'Hitler's People': Pathological personalities in a morally twisted universe - review
A masterful work of history, Hitler’s People is especially relevant at a time in which popular support for democracy is waning and ethnic and racial hatred is rising.
At the Nuremberg Trials in 1945, many psychiatrists attributed the crimes of the top echelon of Nazis to their pathological personalities. Other commentators viewed them as a criminal gang.
More persuasive, according to Richard Evans, a professor of history at Cambridge University, preeminent chronicler of modern Germany and principal expert witness at the David Irving Holocaust Denial libel trial in London, “is a conceptualization of Nazi leadership as a kind of imperial court,” in which leaders vied for the supreme leader’s favor.

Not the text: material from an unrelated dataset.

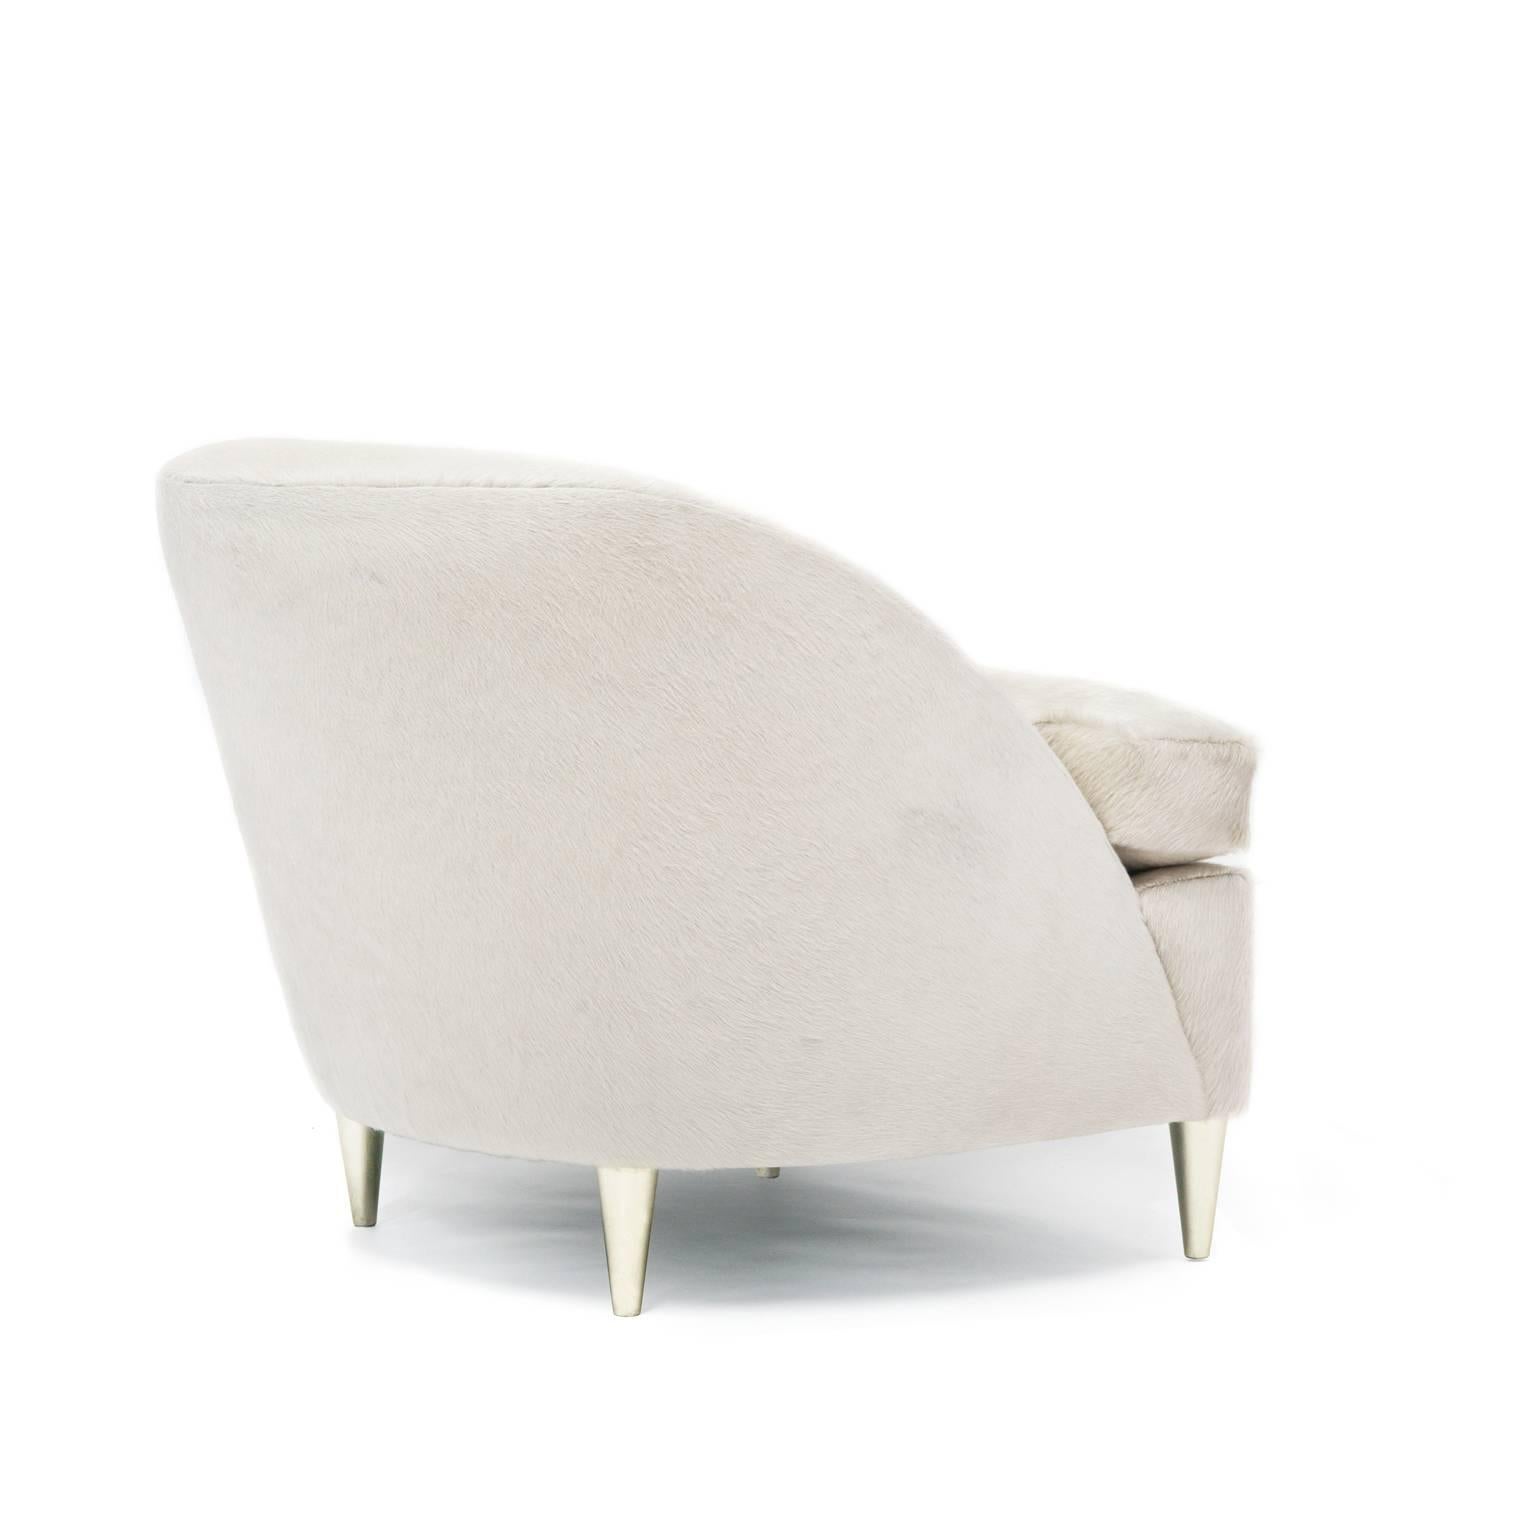 Atelier Demiurge Editions CZ Slipper Chair shown in natural white hide with gilded white gold legs. Inquire for customization options. COM 5 yards.
 
Atelier Demiurge Editions pieces are made to order. Please contact the gallery for a

In Hitler’s People: The Faces of the Third Reich, Evans – whose books include In Hitler’s Shadow, Lying About Hitler, and a three-volume history of the Third Reich – provides detailed biographies of the Führer and two dozen of his “paladins” (including Hermann Göring, Joseph Goebbels, and Heinrich Himmler) and less well-known “enforcers” and “instruments” to help us understand what motivated them to commit unspeakable atrocities.
A masterful work of history, Hitler’s People is especially relevant at a time in which popular support for democracy is waning and ethnic and racial hatred is rising.
Who were the Nazis?
Nazi perpetrators, Evans demonstrates, were mostly male, drawn predominantly from Germany’s middle classes, former soldiers, Protestant denominations, and rural areas, crossing two generations. For most of their lives, these people had stayed within the bounds of normal behavior. To brand them deranged or perverted, gangsters or hoodlums, Evans suggests, “serves as a form of exculpation” for them and everyone else.
The Nazis shared a set of experiences – Germany’s humiliating defeat in World War I; hyperinflation, economic austerity, and the threat of communism during the Weimar Republic; and the Great Depression – which resulted in a loss of professional opportunities, status, and self-worth. Drawing on nationalistic, anti-democratic, and antisemitic convictions already embedded in Germany’s culture, Adolf Hitler offered Germans “a way out of their feelings of inferiority,” humiliation, and despair by linking their fate and the nation’s fate to the creation of a homogeneous, prosperous, and powerful “people’s community.” In return, this meant subservience to authority and a vast apparatus of surveillance and control. Dehumanizing whole categories of people, Evans writes, “including the mentally ill and handicapped, Slavs, Gypsies, petty criminals, the ‘asocial,’ the ‘work shy,’ and, above all, Jews, the Nazi regime created a framework that encouraged and legitimized acts of murder, sadism, and torture, unimaginable in other circumstances.”
Nazi perpetrators “had choices,” Evans emphasizes; none of them was forced to surrender their moral autonomy to Hitler. The tiny number of men who refused to take part in mass killings were rarely imprisoned, let alone executed. And after 1945, perpetrators did not find it difficult to return to normal moral values and behavior.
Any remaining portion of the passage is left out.